The M1912 was developed as the Model 1911, a military pistol, but it was not accepted into service until 1914 as the M12. It was originally issued to the Austrian Landwehr while common army units were issued Roth–Steyr M1907 handguns and Rast & Gasser M1898 revolvers. Orders were also placed by Chile and Romania. During World War I, Austria-Hungary experienced shortages of handguns and production of the M1912 was increased. Germany also placed an order for 10,000 Model 12s. After World War I, a commercial model the Steyr M1911 was produced and was quite popular with army officers, but Steyr had to rely on foreign exports to sustain production. After Germany annexed Austria in 1938, the Wehrmacht ordered 60,000 M1912 pistols rechambered to 9mm Parabellum which remained in service until the end of World War II.

Design details
The Steyr M1912 handgun is operated by a system of short recoil, the barrel unlocking from the slide by rotation. As the pistol is being fired and the recoil of the pistol is in motion, a lug and groove system around the barrel rotate the barrel 20° until a lug hits a stop wedge and holds the barrel while the slide is free to continue its rearward travel, the extractor claw withdrawing the spent casing against the breech face of the slide until the casing strikes the ejector and departs the weapon via the ejection and loading port. Shortly after ejection the slide's rearward travel is arrested by the compressed recoil spring and the abutment of mated surfaces of the slide and frame. The recoil spring is now free to return its stored energy to the cycle of the weapon by beginning to return the slide forward.
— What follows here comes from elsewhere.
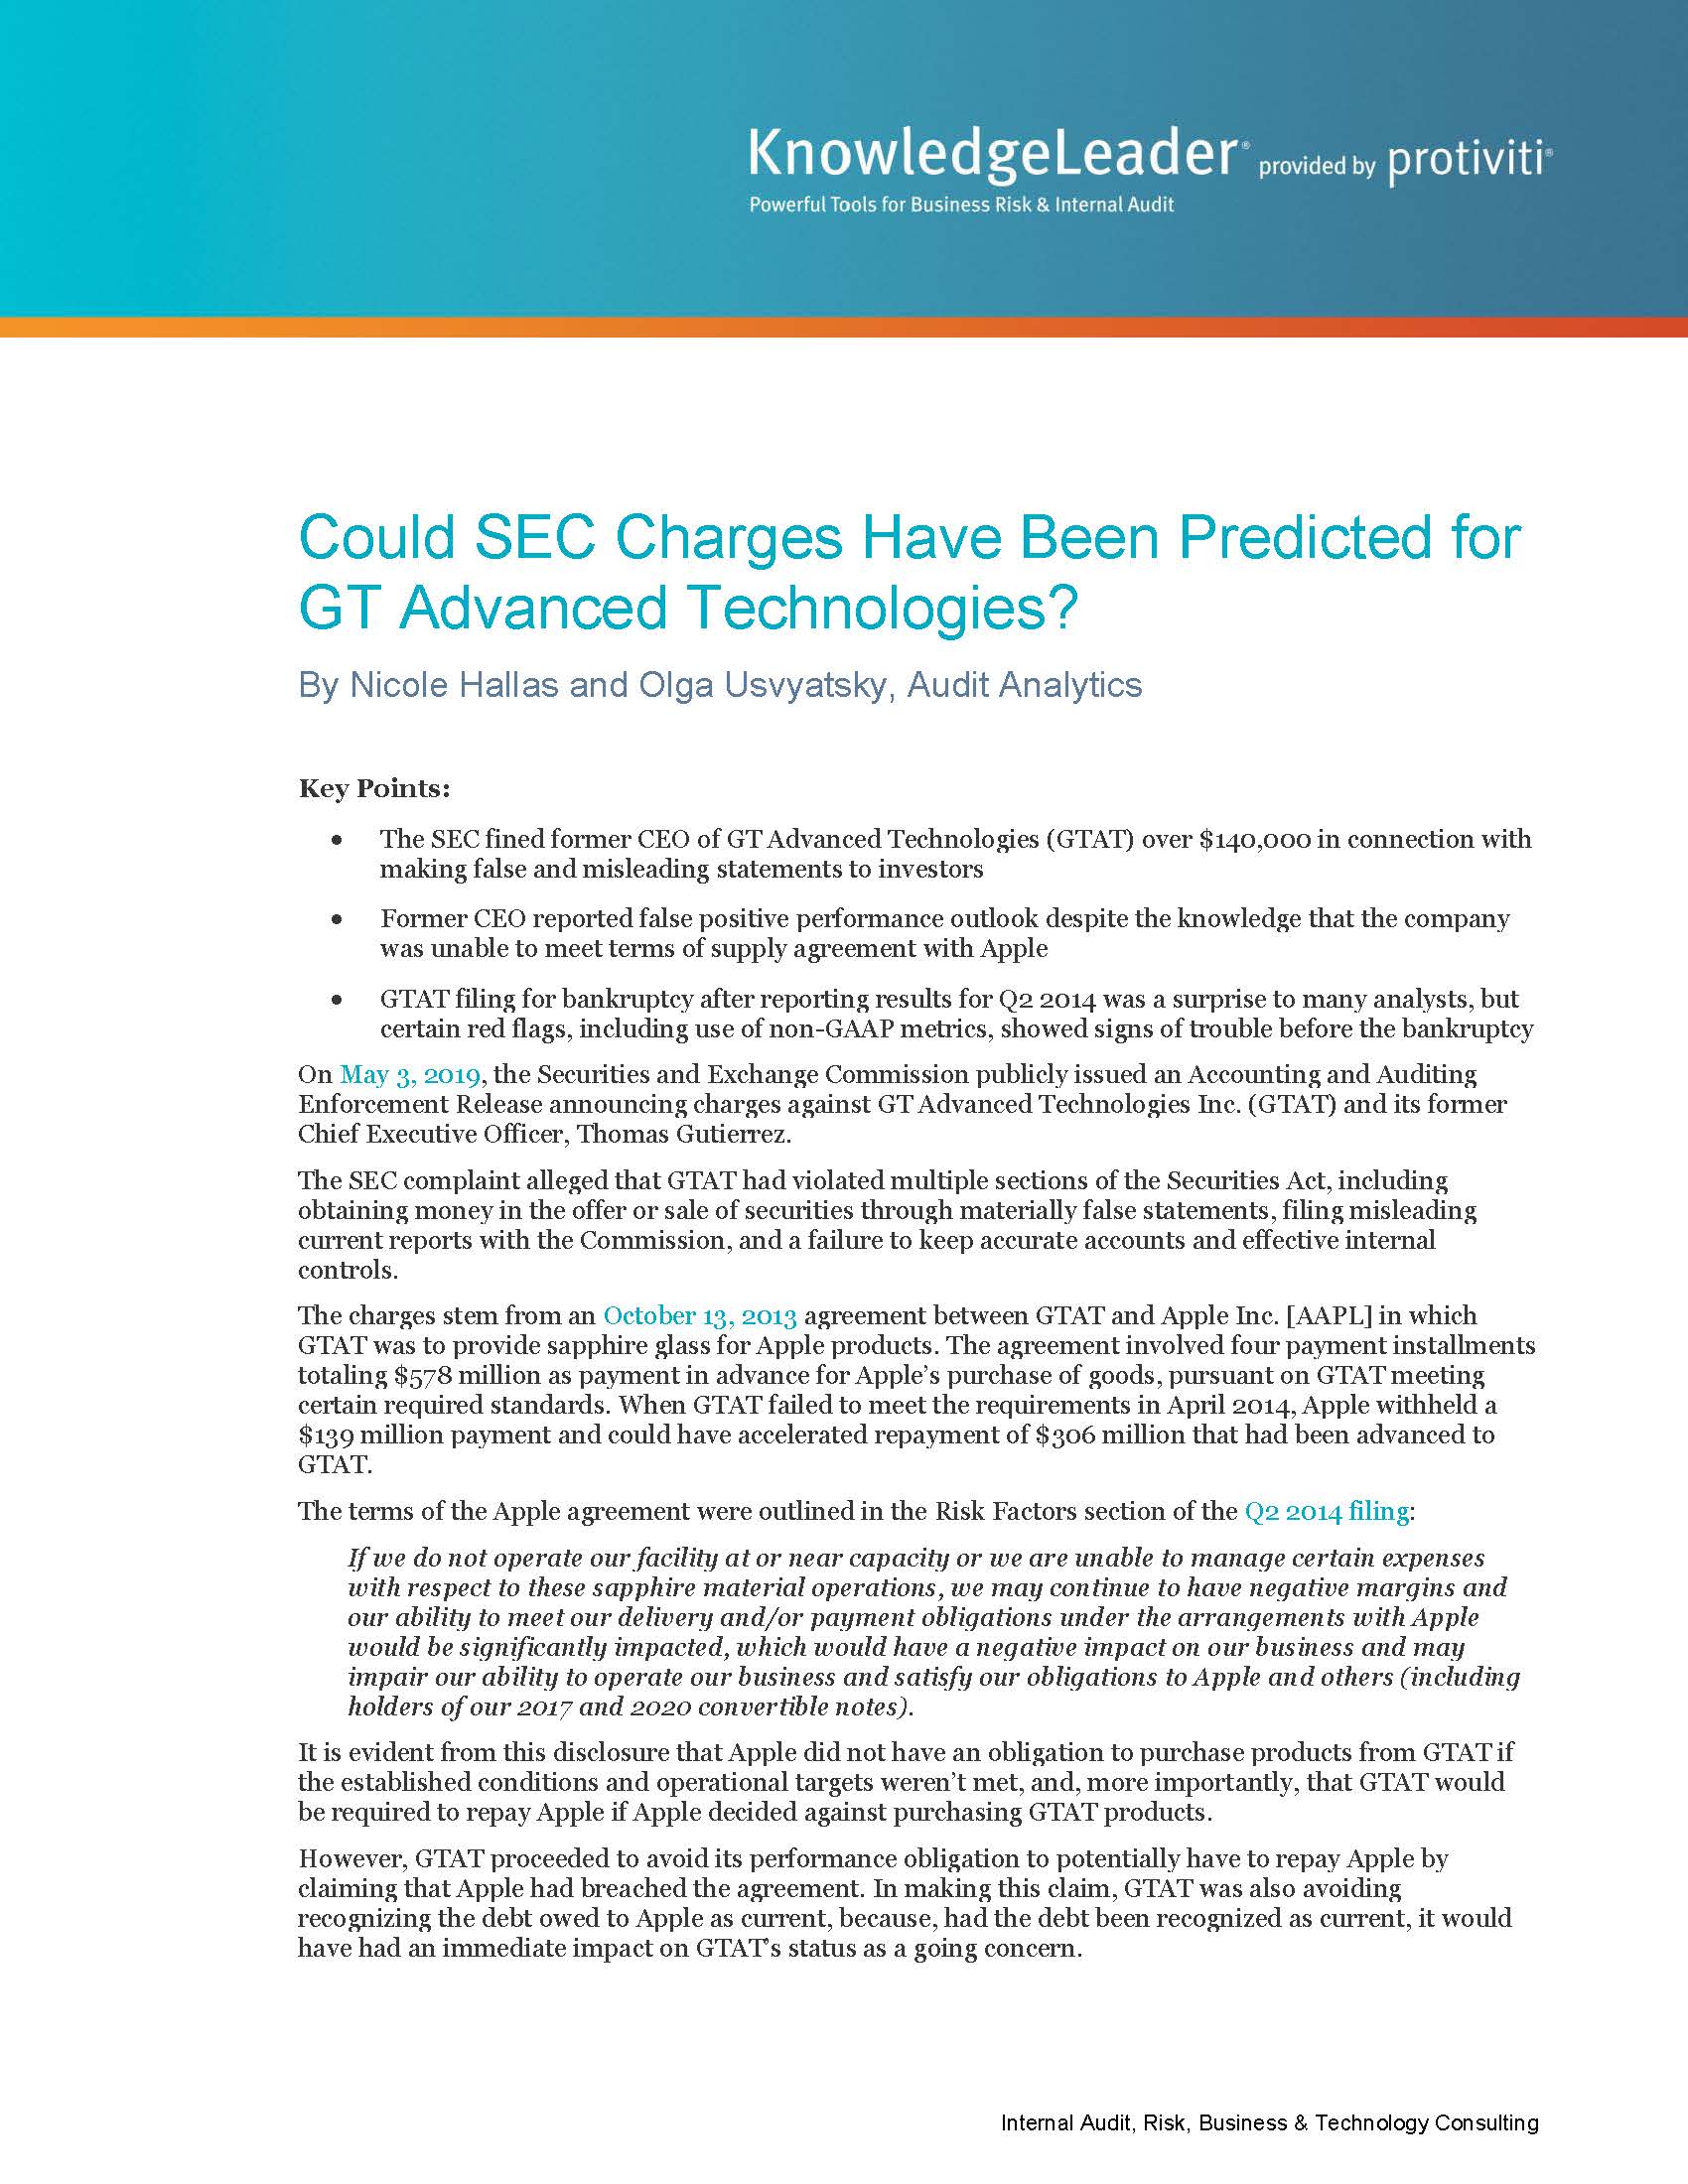 Screenshot of the first page of Could SEC Charges Have Been Predicted for GT Advanced Technologies?

As the return spring returns the slide forward, the breech face strips a round from the magazine into the chamber and the locking system engages the barrel and locks it with the slide in the battery position. A safety lever on the left side of the frame can be engaged by turning it into a notch on the slide to immobilize the slide. A disconnector system will also prevent the weapon from firing until the whole action is fully closed.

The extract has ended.